Extremists claim drive-by murder | WORLD | NEWS | tvnz.co.nz
Extremists claim drive-by murder
Sep 30, 2001 3:59 PM

Protestant extremists have claimed responsibility for the drive-by murder of leading Northern Ireland journalist Martin O'Hagan, gunned down in front of his wife as they walked near their home.

The killing - the first of a reporter in more than 30 years of strife in Northern Ireland - sent shockwaves across the province and was condemned by British and Irish government ministers and politicians in its Protestant and Roman Catholic communities.

O'Hagan, of the Dublin-based Sunday World newspaper, was shot from a passing car late on Friday as he walked home with his wife from a pub in Lurgan, County Armagh, 40 km from Belfast.

The Red Hand Defenders (RHD), a cover name used by pro-British "loyalist" gunmen, said in a statement to the BBC in Belfast that it had shot O'Hagan for "crimes against the loyalist people".

O'Hagan, 51, had been an investigative reporter on the Northern Ireland edition of the mass circulation tabloid for several years. It specialises in exposes of pro-Irish republican and pro-British guerrilla groups, and drug barons.

Police said a car believed to have been used in the attack was found burned out a short time later.

Britain's Northern Ireland Secretary John Reid denounced the killing as barbaric.

"It is also a very, very dangerous indication of what happens when violence tries to suppress democracy - because here we had someone who was involved in exposing a great deal of crime and a great deal of corruption," he told reporters.

O'Hagan's wife was uninjured in the attack, but was suffering severe shock, police said.

O'Hagan, a father of three daughters - one of whom is due to be married within weeks - had received death threats in the past. He had been threatened by the Loyalist Volunteer Force (LVF), media reports said.
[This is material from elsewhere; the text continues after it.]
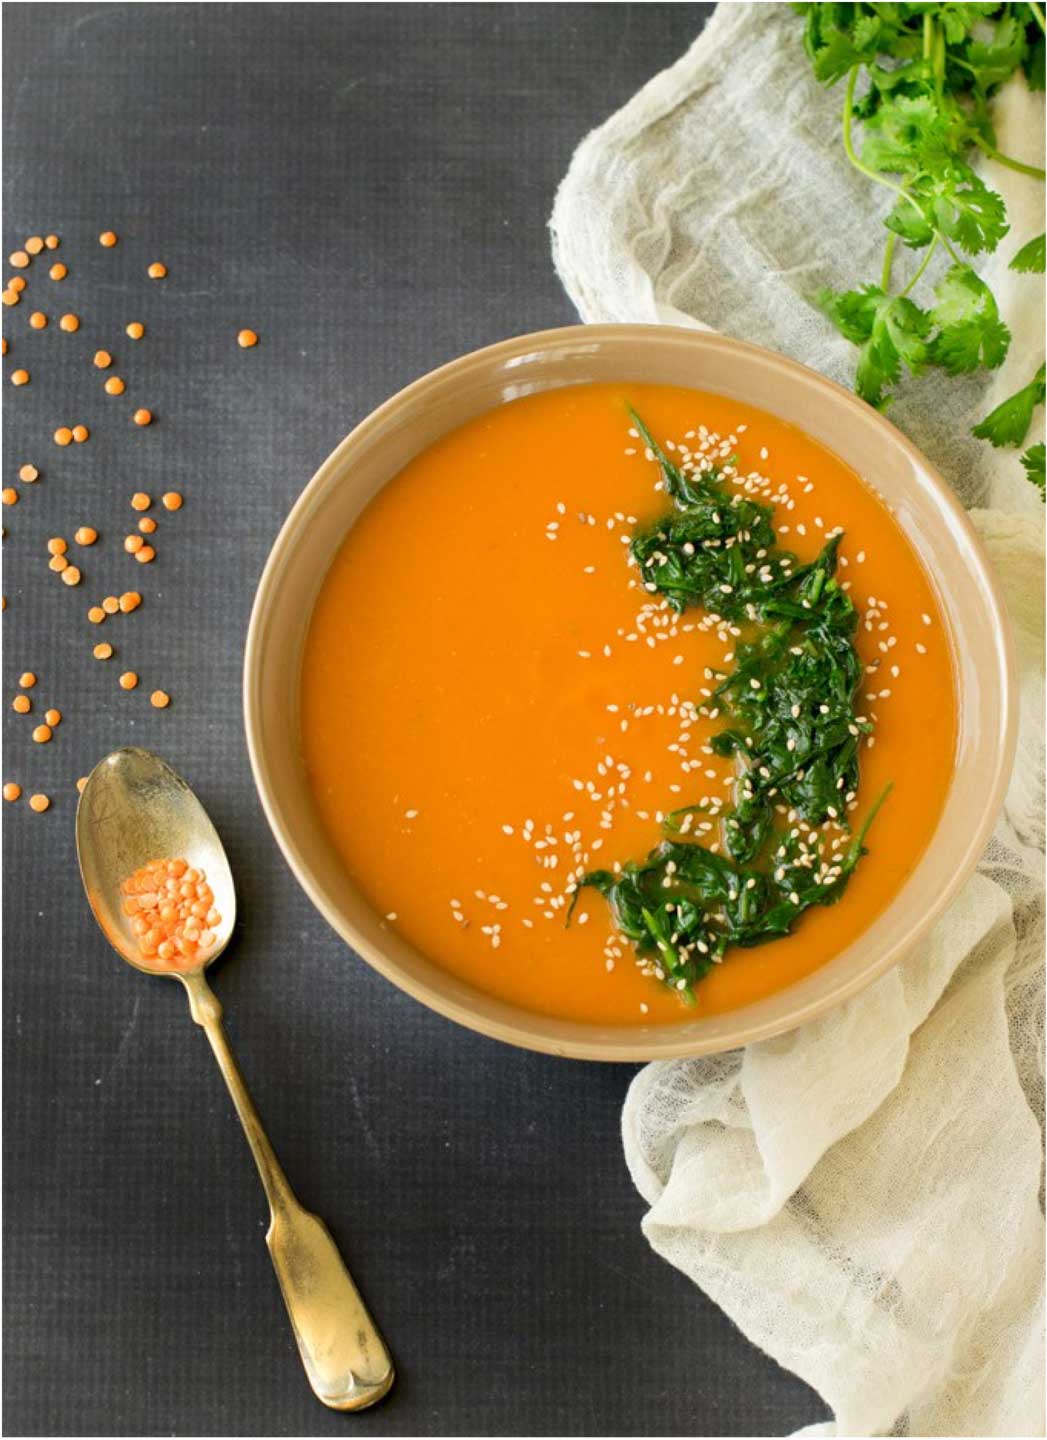 Love vegetable soup? Then you don’t want to miss our great line-up of yummy veggie soups that are super quick and easy in your Instant Pot. Here’s a good place to start: Beta Carotene Booster Vegetable & Red Lentil Soup (vegan) from Khushboo at Carve Your Craving. Yum!

"I am angry, I am sore. My heart's aching and breaking for him and that wee family in there," Jim McDowell, the paper's Northern Ireland editor told reporters at the scene.

"What the hell do they think they've achieved?" he added.

Further strains on peace drive

Politicians condemned the attack. David Trimble, the province's former first minister and leader of the main Protestant political party, said he was shocked and appalled by "this cowardly act".

Irish Foreign Minister Brian Cowen described the killing as deeply shocking and cynical.

"It was an attack on a dedicated and hardworking journalist and it also represented an assault on one of the fundamental principles of any democratic society - an independent and unfettered media," he said in a statement.

Those who carried out the attack had nothing to offer the people of Northern Ireland except fear and silence, he added.

The RHD tag has been used as a flag of convenience by elements of the powerful Ulster Defence Association (UDA) and the LVF, according to security sources.

Both groups were involved in sectarian strife which raged for 30 years until subsiding in truces by the province's major rival armed factions as a fragile peace process developed into the landmark 1998 Good Friday peace pact.

The shooting put further strains on the province's peace drive. Just hours earlier Britain stopped short of declaring the UDA's ceasefire over after the group vowed to call off nightly street violence that had erupted in Belfast.

The market town of Lurgan is just five miles from Portadown, a stronghold of the LVF.

O'Hagan was the second Sunday World journalist to be attacked. A colleague was shot and seriously wounded by loyalists in the mid-1970s.